By Heather O.
I was out of town for July 4th, and attended a relative’s ward the Sunday immediately prior to the holiday. It’s always interesting to be in a different ward, both to see how things are the same, and how they are different. This particular Sunday was, of course, Fast and Testimony meeting, and there were, of course, lots of references to the sacrifices that had been made by those who went before us. Lots of tearful women talked about how grateful they were for those people who had fought for our freedom, and how wonderful it was that the gospel could come forth in a land where religious freedom flourished. And more than one said something like, “I’m sure I couldn’t have gone through what my ancestors did. I know I was saved for these days because I wasn’t strong enough to go through the trials they had to face.”
Ok. I’m all for being grateful for brave men who sacrificed their lives for what they believed in, and for honoring the incredible women who supported these men.
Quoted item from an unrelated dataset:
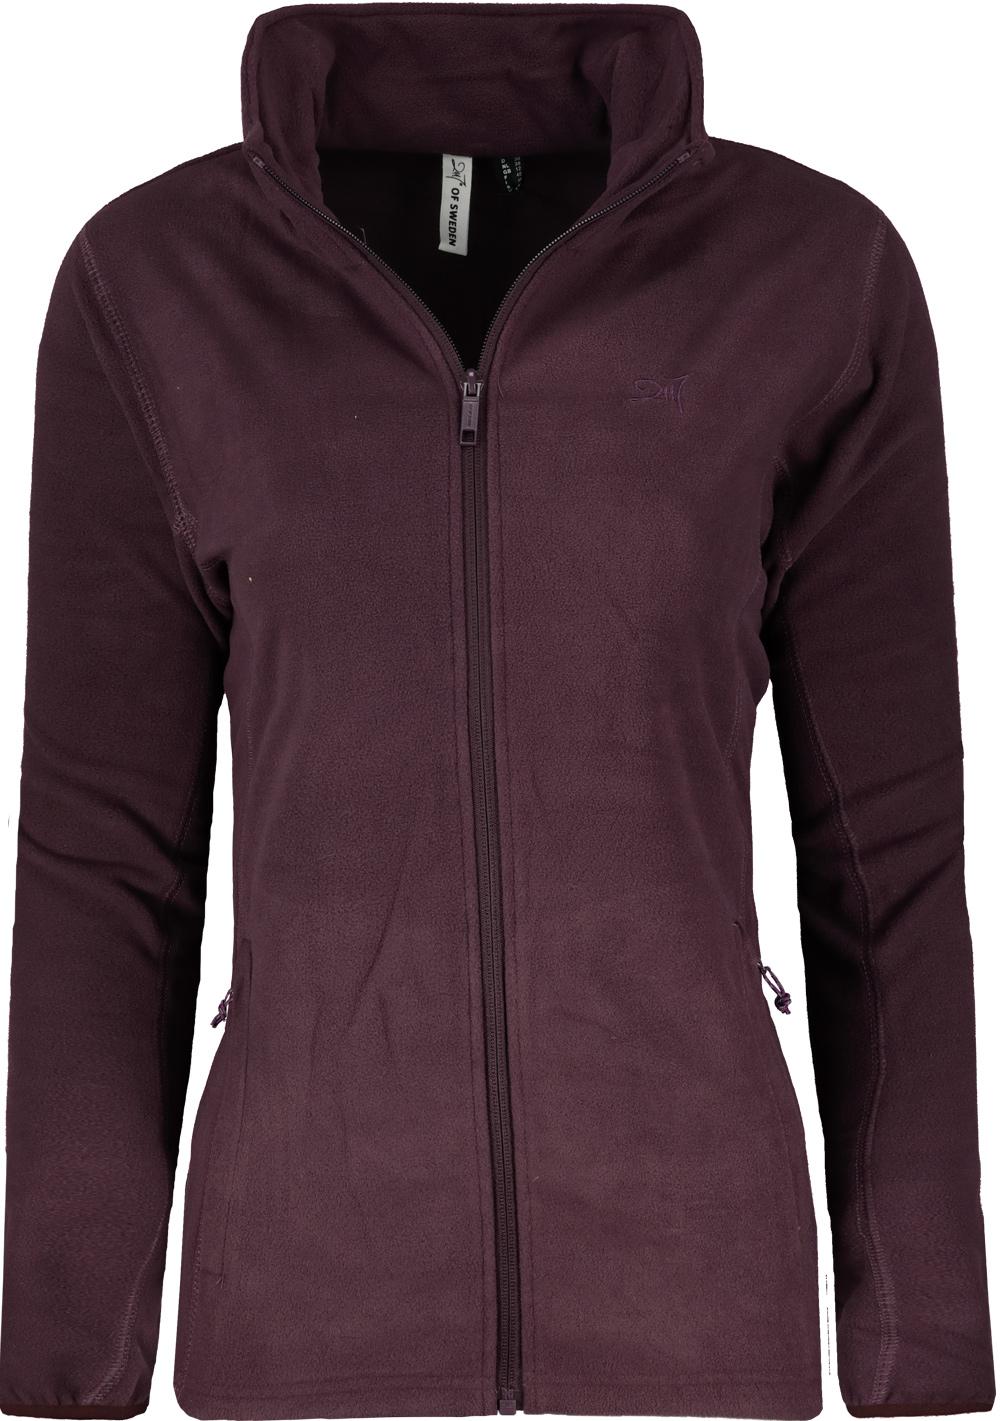 Women's fleece hoodie 2117 LUND

But must we always insist that these women were stronger than we are? What is it about women that makes us devalue ourselves, and underestimate our own strength? I just don’t like it when women talk like that. It makes me feel like they either really think they themselves are weak, or think they are being humble by deliberately undermining their own potential power. Both options just bug me.
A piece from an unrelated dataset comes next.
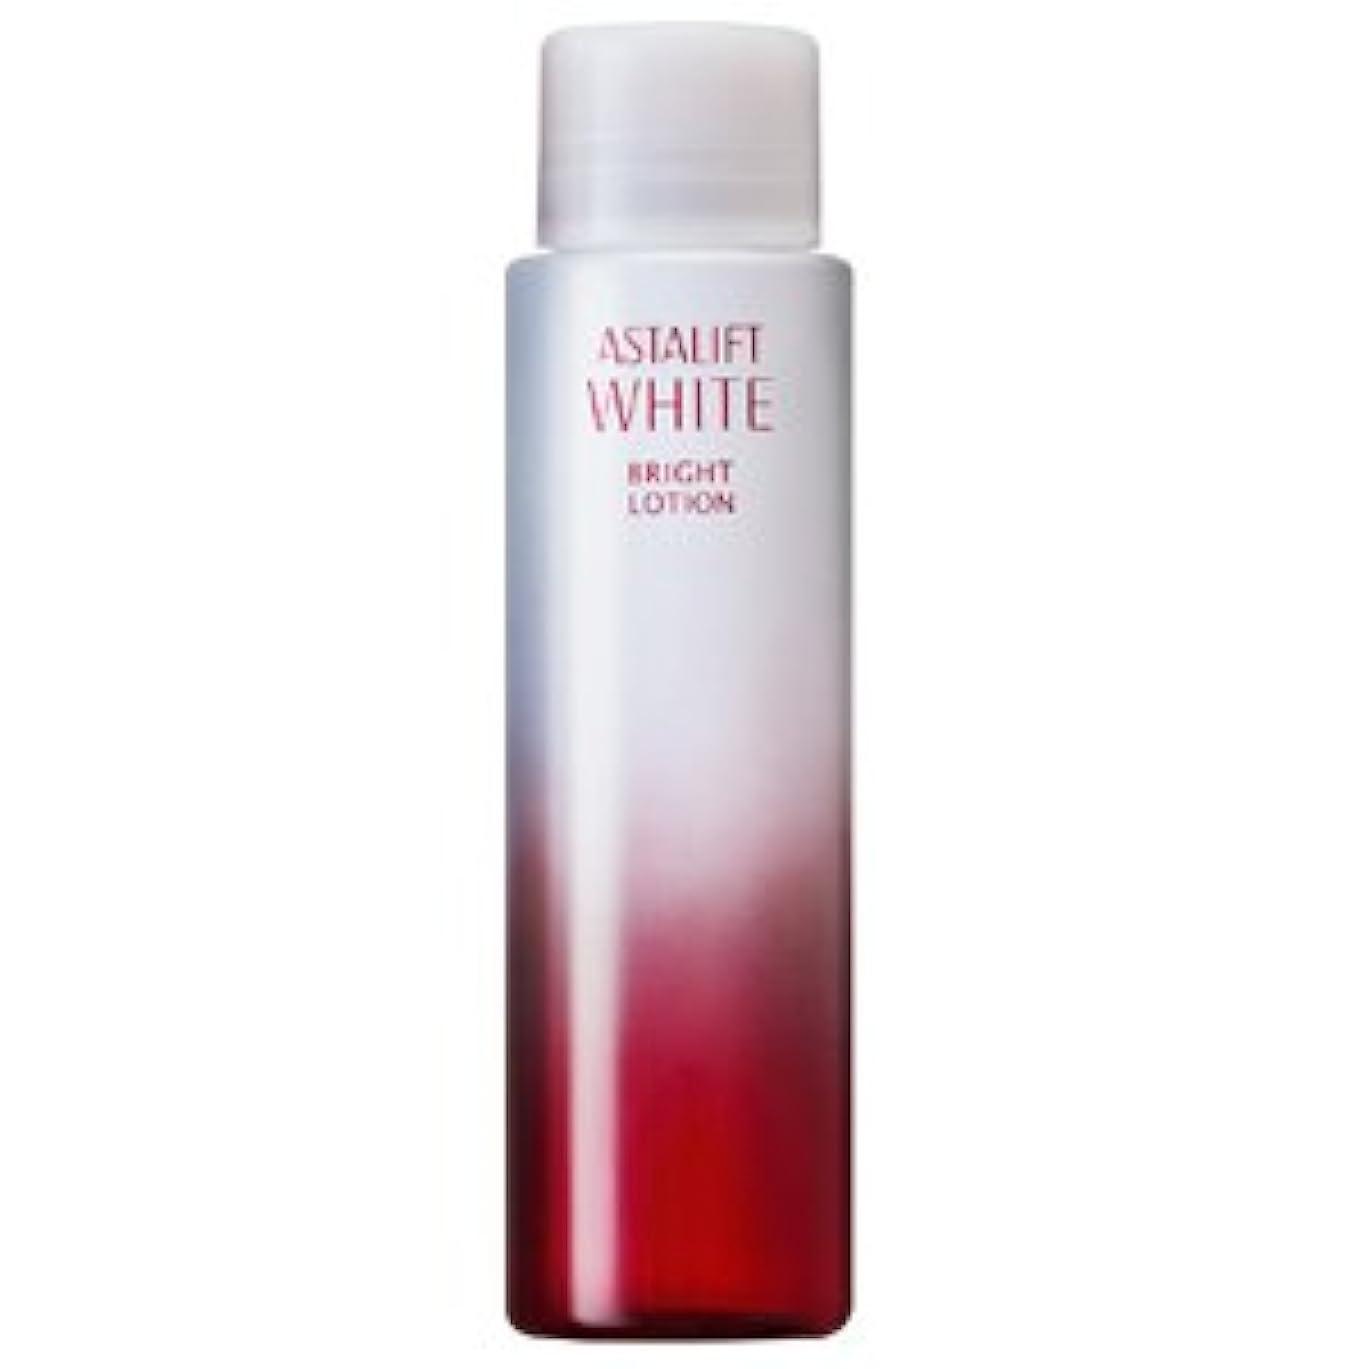 興味改善以来アスタリフト/ASTALIFT 化粧水 アスタリフトホワイトブライトローション レフィル 130ml [並行輸入品]

I recently started reading the book “My Antonia”, by Willa Cather. I’m not very far into it, but a few words have already struck me. One description I love is when the main character is describing his grandmother, and he calls her “a woman of unusual endurance.” What a powerful description. I would love to be described like that, and when I think of the really cool women I know, I would definitely use that term to describe them. And no, none of them have walked across the plains, or had to send their husbands off on 3 year missions, or anything that we think of about the trials of the early Saints. But they face their own trials and life with strength and optimism, and I am sure that they could accomplish anything that the Lord would ask of them, no matter what it involved.
And hey, I just traveled across the country with a 3 year old, and our flight back here to DC left at 5:30am. Yes people, that meant that I had to wake my sleeping child at 3am and make him travel for over 12 hours. Seriously, if dealing with that without completely flipping out isn’t unusual endurance, I don’t know what is. (Ok, I did lose it just a little bit after I had been awake for about 24 hours, but I didn’t have a single Diet Coke the WHOLE plane ride, so cut me some slack people!)